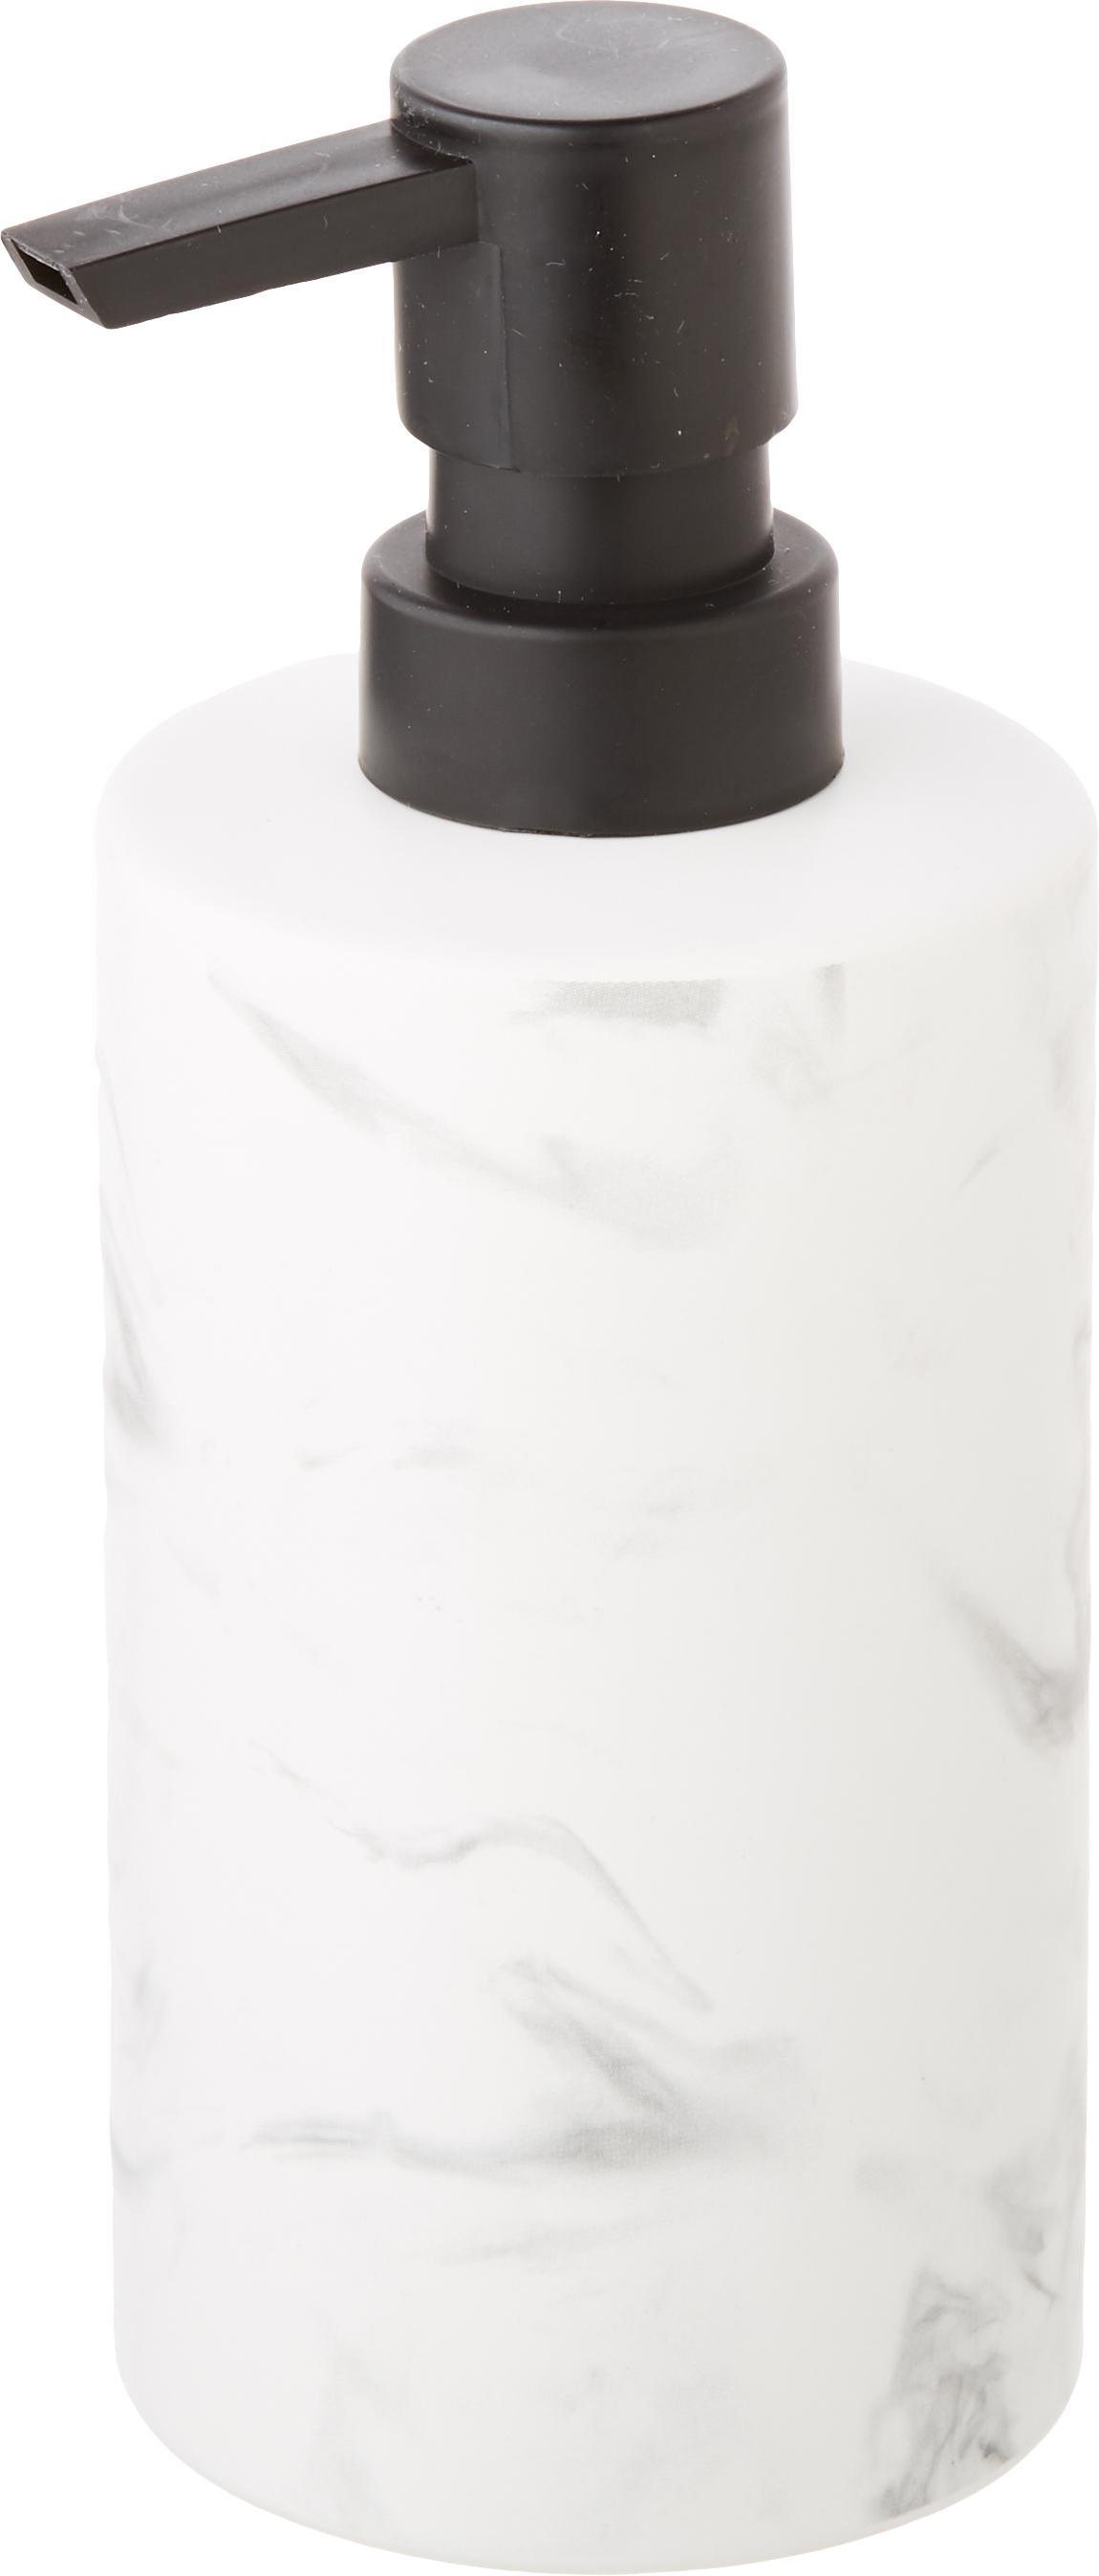 Dosificador de jabón Daro, Recipiente: cerámica, Dosificador: metal, recubierto, Blanco, negro, Ø 7 x Al 18 cm
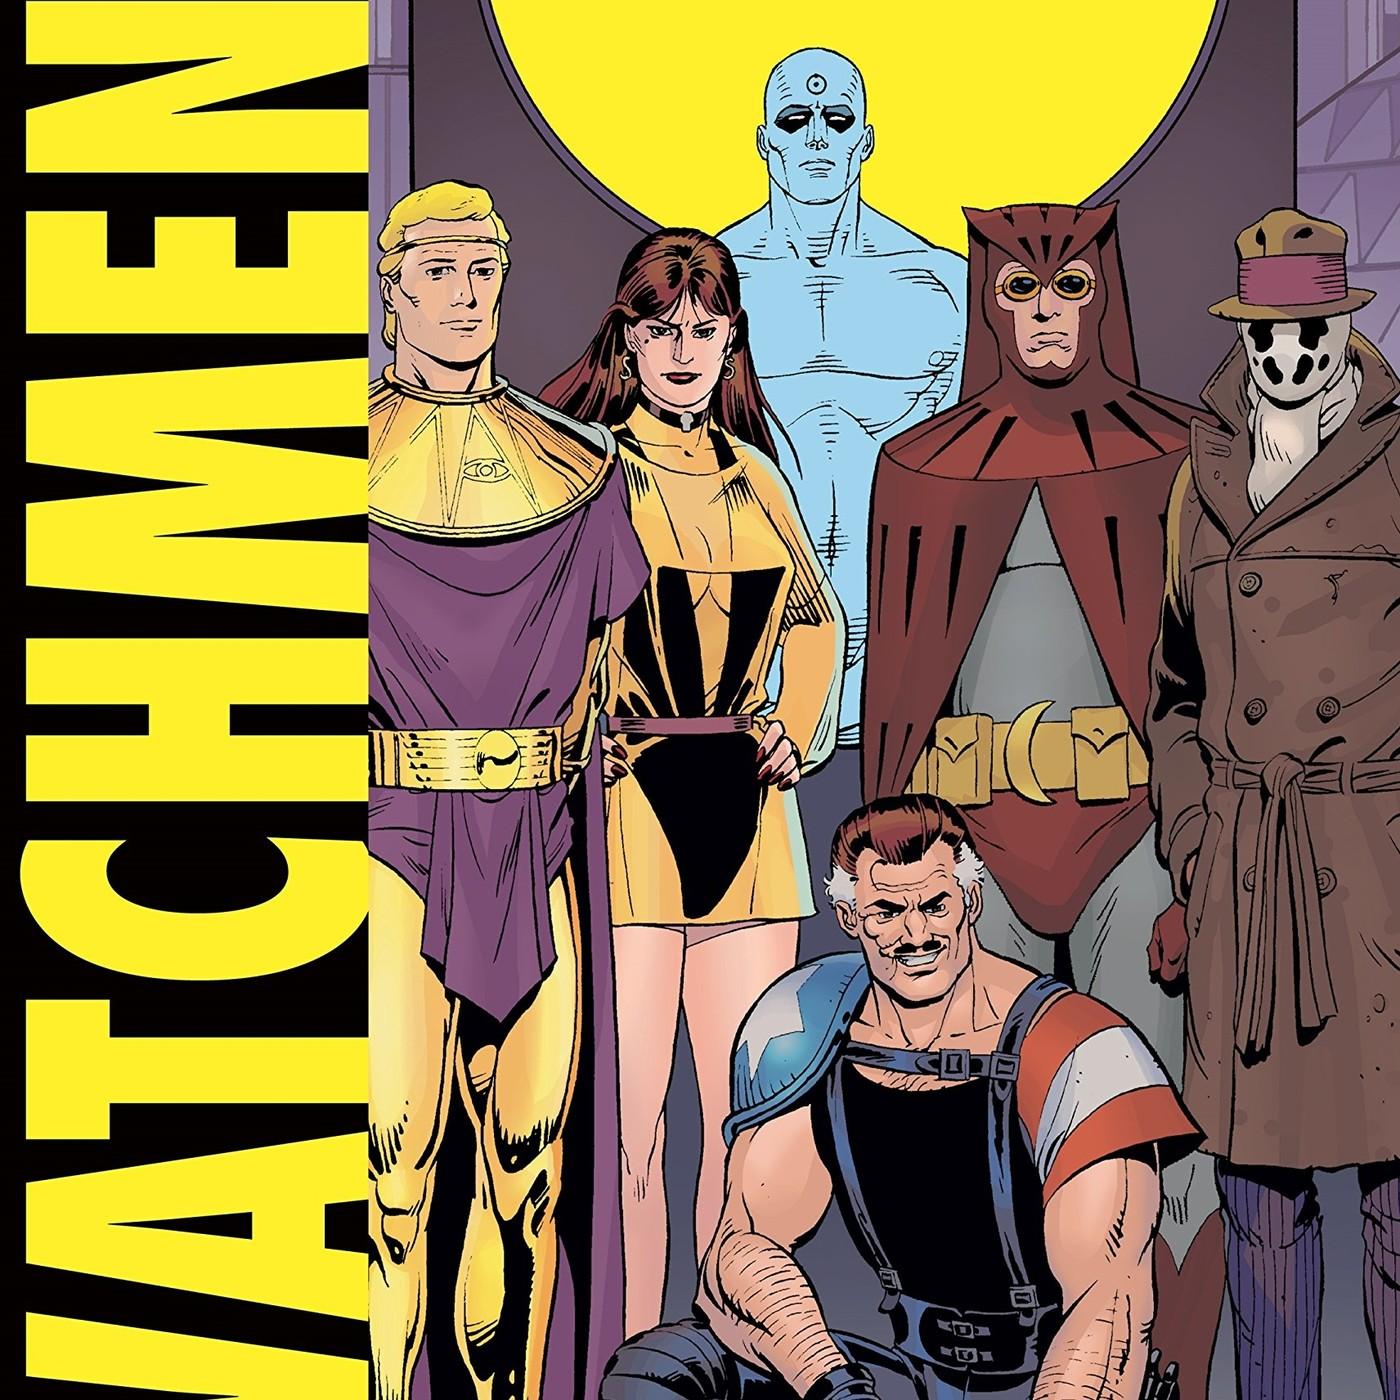 Episodio 2: Analizando el universo Watchmen
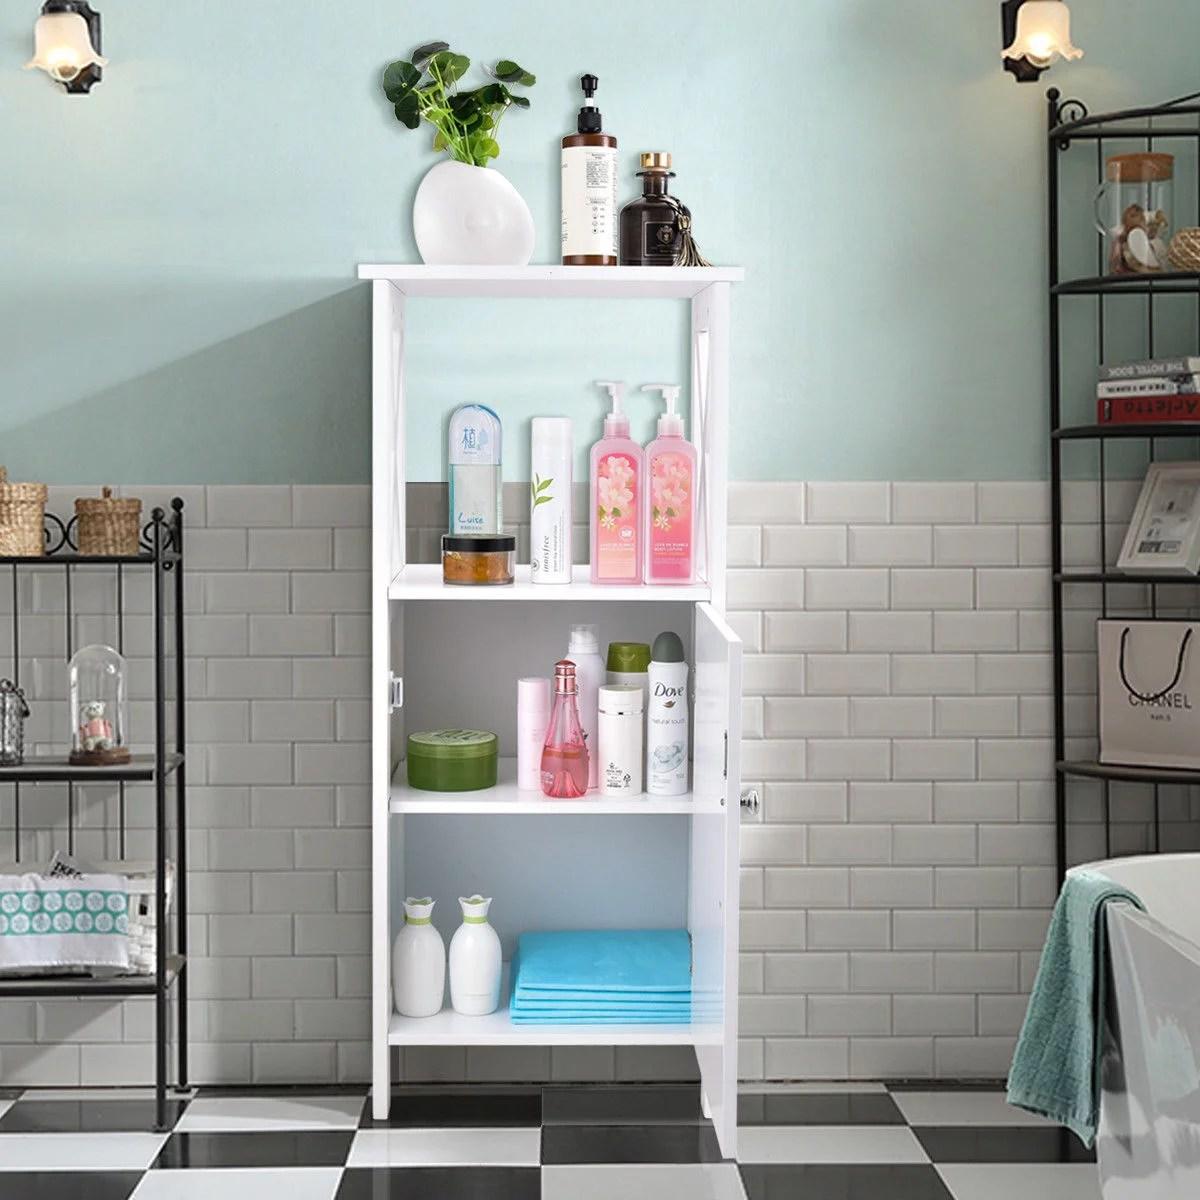 costway meuble colonne meuble wc etagere bois haute armoire salle de bain sur pied blanc cisele avec 1 porte 40 x 30 x 92 cm
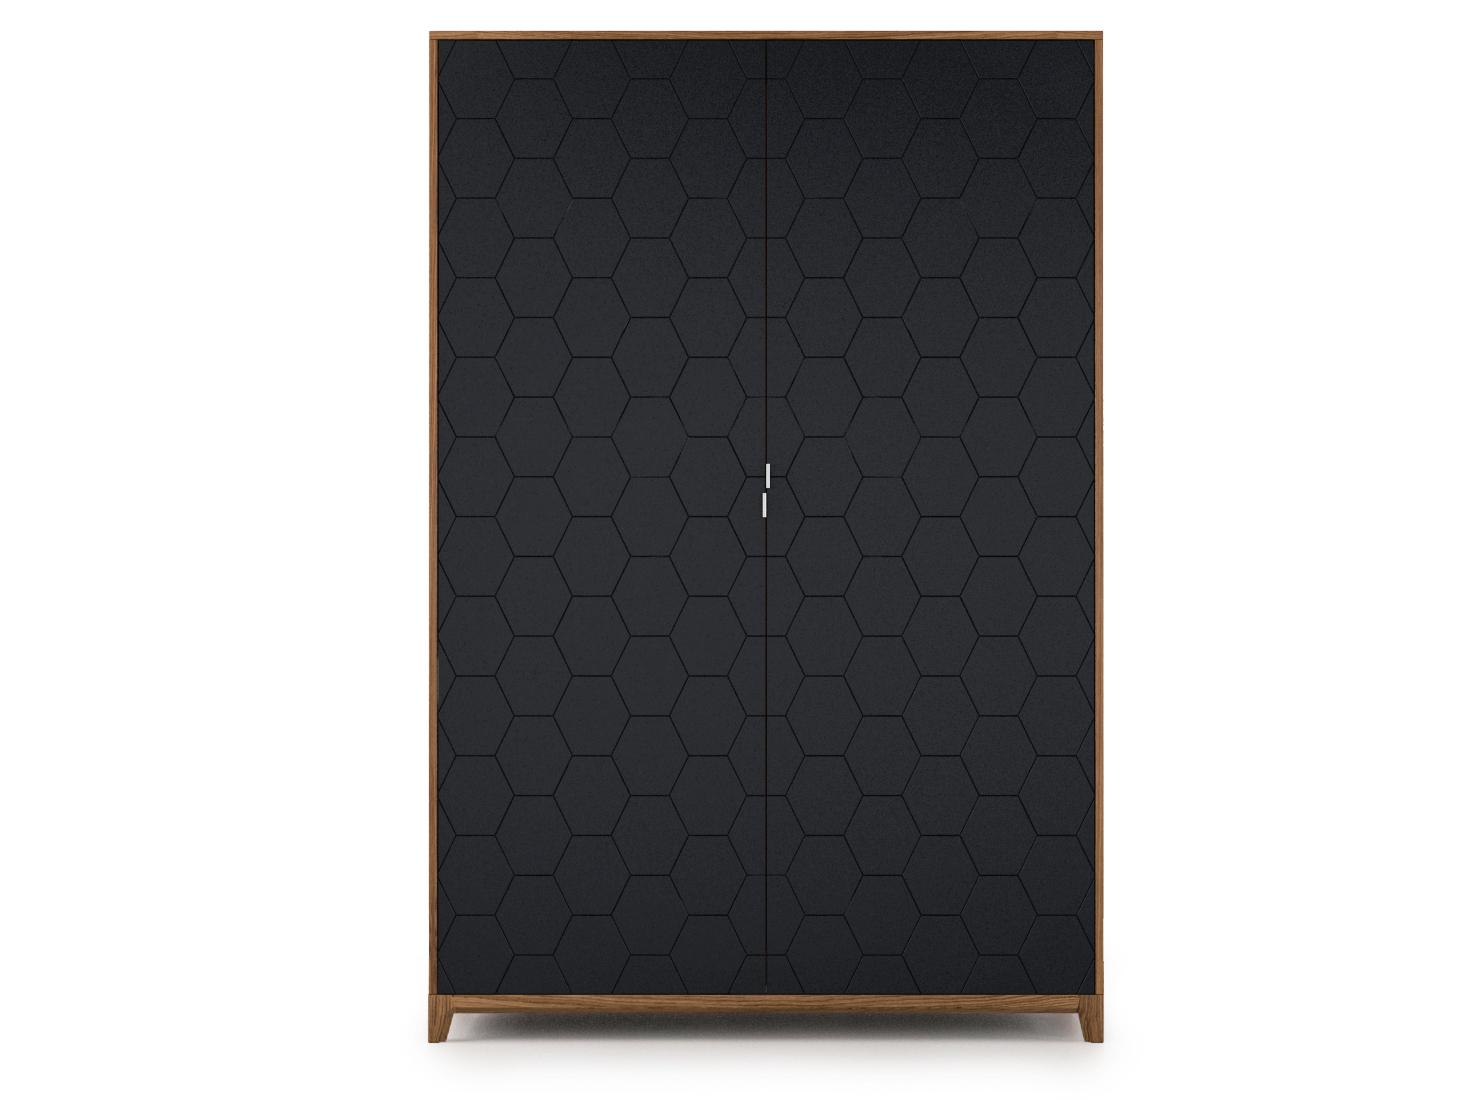 Шкаф CASEПлатяные шкафы<br>Вместительный, прочный и удобный шкаф CASE сочетает в себе продуманную структуру и современный дизайн. <br>Внутри шкафа комфортно расположены полки, выдвижные ящики и штанги для вешалок.<br>Благодаря отсутствию в конструкции лишних элементов и сбалансированной форме шкаф не выглядит массивным, а фасады с объемной фрезеровкой завершают его образ. <br>Шкаф CASE рассчитан на комфортное использование для одного или двух человек.<br><br>Основание выполнено из массива дуба, а корпус – из мдф, что гарантирует прочность и экологичность изделия. Благодаря качественной фурнитуре, вместительные ящики двигаются плавно и бесшумно.  А главная изюминка коллекции - это фасады с объемной фрезеровкой, цвет и дизайн которых вы можете выбрать сами. <br>Шкаф CASE доступен в 5 вариантах отделки и 15 цветах эмали.<br><br>Material: МДФ<br>Ширина см: 140<br>Высота см: 210<br>Глубина см: 60

• Instructions to follow: Reproduce the whole listing above word for word, dropping each image.

• Problem solution:
 Dosificador de jabón Daro, Recipiente: cerámica, Dosificador: metal, recubierto, Blanco, negro, Ø 7 x Al 18 cm
 Episodio 2: Analizando el universo Watchmen
 costway meuble colonne meuble wc etagere bois haute armoire salle de bain sur pied blanc cisele avec 1 porte 40 x 30 x 92 cm
 Шкаф CASEПлатяные шкафы<br>Вместительный, прочный и удобный шкаф CASE сочетает в себе продуманную структуру и современный дизайн. <br>Внутри шкафа комфортно расположены полки, выдвижные ящики и штанги для вешалок.<br>Благодаря отсутствию в конструкции лишних элементов и сбалансированной форме шкаф не выглядит массивным, а фасады с объемной фрезеровкой завершают его образ. <br>Шкаф CASE рассчитан на комфортное использование для одного или двух человек.<br><br>Основание выполнено из массива дуба, а корпус – из мдф, что гарантирует прочность и экологичность изделия. Благодаря качественной фурнитуре, вместительные ящики двигаются плавно и бесшумно.  А главная изюминка коллекции - это фасады с объемной фрезеровкой, цвет и дизайн которых вы можете выбрать сами. <br>Шкаф CASE доступен в 5 вариантах отделки и 15 цветах эмали.<br><br>Material: МДФ<br>Ширина см: 140<br>Высота см: 210<br>Глубина см: 60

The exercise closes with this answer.